当前位置:网站首页>Machine learning - Data Science Library Day 3 - Notes
Machine learning - Data Science Library Day 3 - Notes
2022-07-01 12:04:00 【weixin_ forty-five million six hundred and forty-nine thousand 】
Catalog
What is? numpy
In a Python Basic database of scientific computing in China , Focus on numerical calculation , Most of them PYTHON Basic database of scientific computing database , Mostly used in large 、 Perform numeric operations on multidimensional arrays
Axis (axis)
stay numpy Can be understood as direction , Use 0,1,2… Digital representation , For a one-dimensional array , only one 0 Axis , about 2 Dimension group (shape(2,2)), Yes 0 Axis and 1 Axis , For three-dimensional arrays (shape(2,2, 3)), Yes 0,1,2 Axis
With the concept of axis , It will be more convenient for us to calculate , For example, calculate a 2 The average of the set of dimensions , You must specify which direction to calculate the average of the numbers above
Create array :
Modify the shape of the array
Inter array operation
Transpose matrix
numpy Reading data
CSV:Comma-Separated Value, Comma separated value files
Show : Form status
Source file : Formatted text with newline and comma separated rows and columns , Each row of data represents a record
because csv Easy to show , Read and write , So it's also used in many places csv Storage and transmission of small and medium-sized data , For the convenience of teaching , We will often operate csv File format , But it is also easy to operate the data in the database
numpy Reading data
numpy Read and store data
# coding=utf-8
import numpy as np
us_file_path = "./youtube_video_data/US_video_data_numbers.csv"
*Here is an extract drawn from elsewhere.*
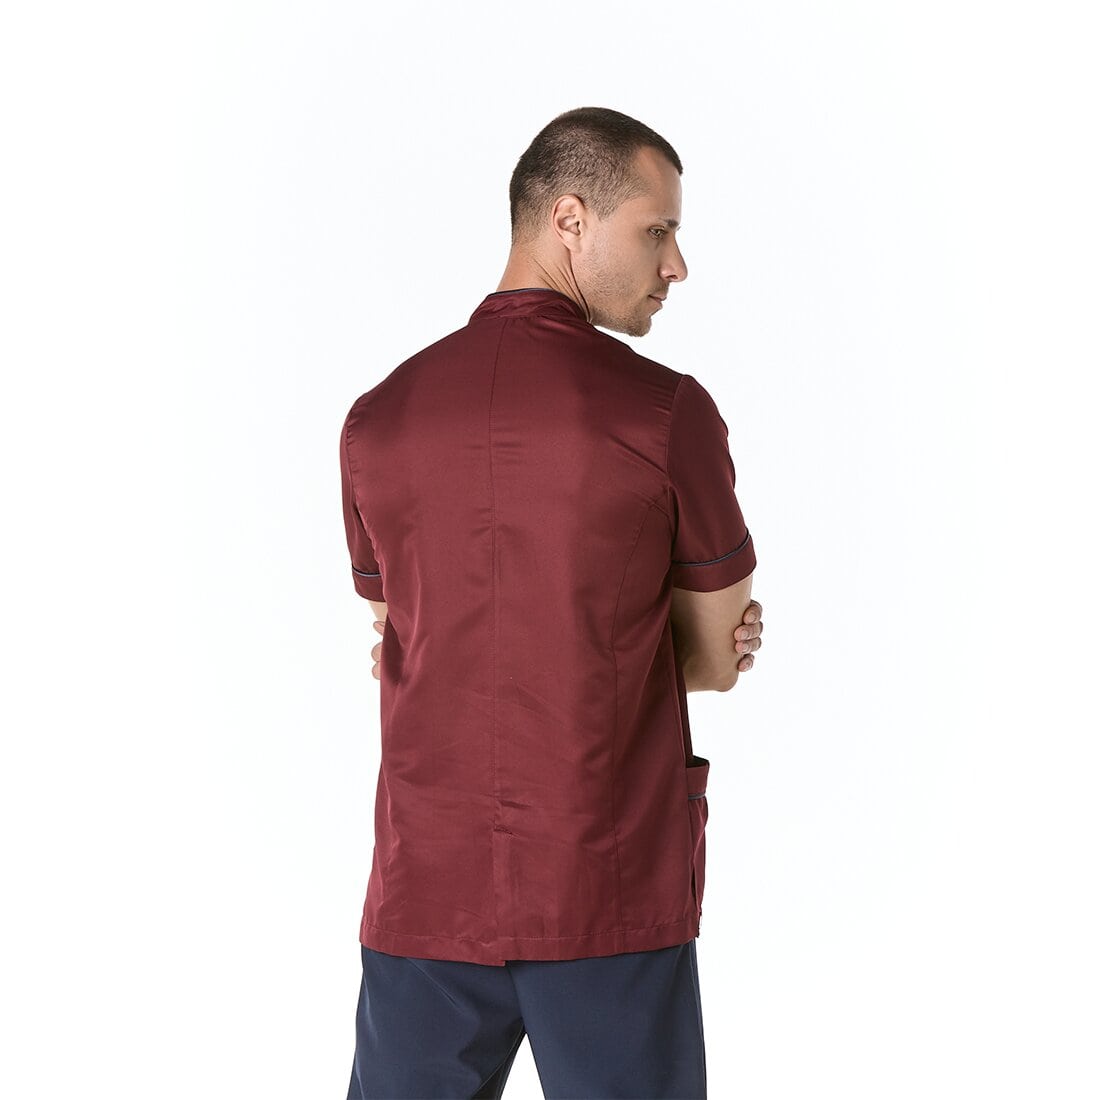 Hombre vistiendo casaca sanitaria color vino con cuello mao y cierre al frente - espalda

uk_file_path = "./youtube_video_data/GB_video_data_numbers.csv"
# t1 = np.loadtxt(us_file_path,delimiter=",",dtype="int",unpack=True)
t2 = np.loadtxt(us_file_path,delimiter=",",dtype="int")
# print(t1)
print(t2)
print("*"*100)
b = t2[2:5,1:4]
# print(b)
# Take multiple non adjacent points
# The result is (0,0) (2,1) (2,3)
c = t2[[0,2,2],[0,1,3]]
print(c)
Running results :
numpy Boolean index in
numpy The ternary operator in
numpy Medium nan and inf
nan(NAN,Nan):not a number It's not a number
When we read the local file as float When , If there is a deficiency , Will appear nan
As an inappropriate calculation ( For example, infinity (inf) Subtract infinity )
inf(-inf,inf):infinity,inf Positive infinity ,-inf Negative infinity
When will it show up inf Include (-inf,+inf)
For example, a number divided by 0,(python An error will be reported directly in ,numpy There is a inf perhaps -inf)
numpy Medium nan Points for attention
1. Two nan It's not equal
2.np.nan!=np.nan
3. Take advantage of the above features , Judge the... In the array nan The number of
4. Judge whether a number is nan adopt np.isnan(a) To judge
5.nan And any value calculated as nan
###numpy Statistical functions commonly used in
Sum up :t.sum(axis=None)
mean value :t.mean(a,axis=None) Affected by outliers
The median :np.median(t,axis=None)
Maximum :t.max(axis=None)
minimum value :t.min(axis=None)
extremum :np.ptp(t,axis=None) That is, the difference between the maximum value and the minimum value is only
Standard deviation :t.std(axis=None)
numpy Fill in nan
# coding=utf-8
import numpy as np
# print(t1)
def fill_ndarray(t1):
for i in range(t1.shape[1]): # Traverse each column
temp_col = t1[:,i] # The current column
nan_num = np.count_nonzero(temp_col!=temp_col)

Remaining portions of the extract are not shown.